An example of a commercial product which is preferably used in the present invention is glycogen manufactured and distributed by Sigma-Aldrich.
Preferably, the glycogen used in the present invention is F. D. Less than 1% by weight, and more preferably 0.25% as determined by the method of Snell and Snell ("Colorimetric Methods of Analysis""Colorimetric Methods of Analysis", New York, 1954, III, page 204) Contains less than% reducing sugars.

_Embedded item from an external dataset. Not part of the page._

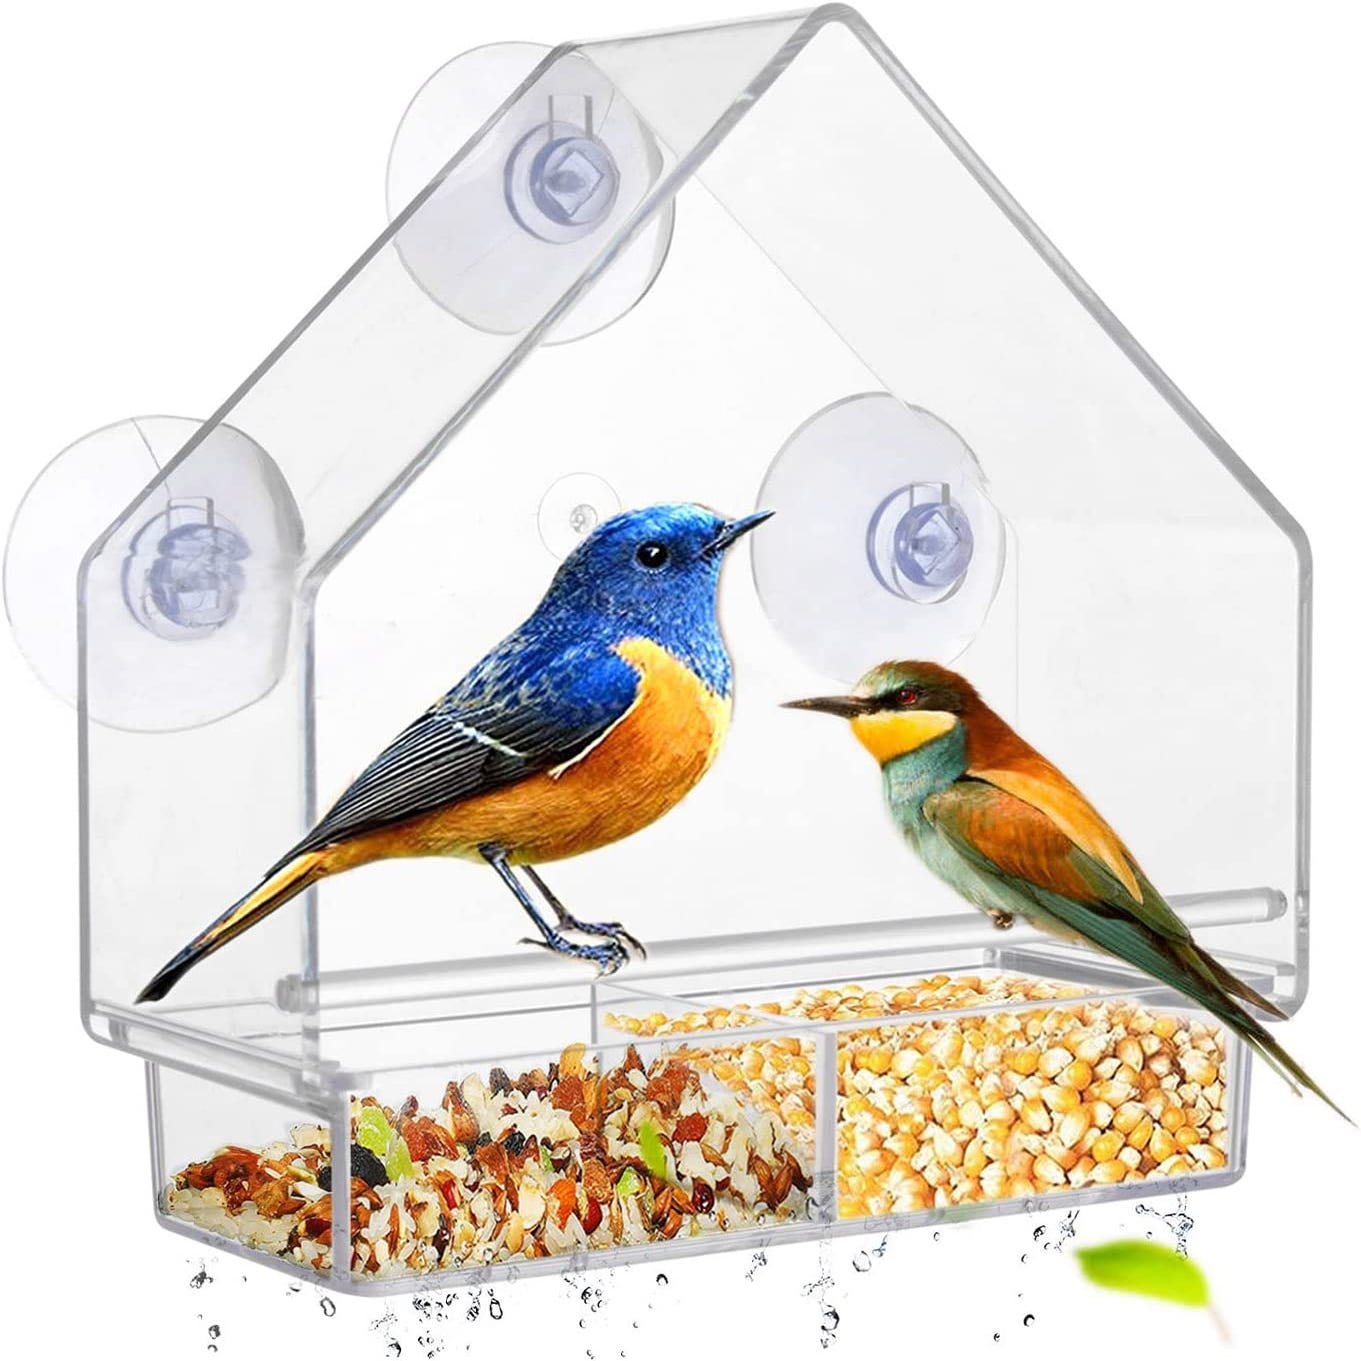 Mangeoire pour oiseaux avec ventouse

  Preferably, the glycogen used in the present invention contains less than 1000 ppm, and more preferably less than 100 ppm nitrogen, measured nitrogen using the Kjeldahl method.

  Preferably, the glycogen used in the present invention is A. C. R. A. F. Deproteinized glycogen manufactured and marketed by SpA, Rome, Italy) under the trade name PolglumytTM glycogen, obtained according to the purification procedure described in the patent EP 65 40 48 B1.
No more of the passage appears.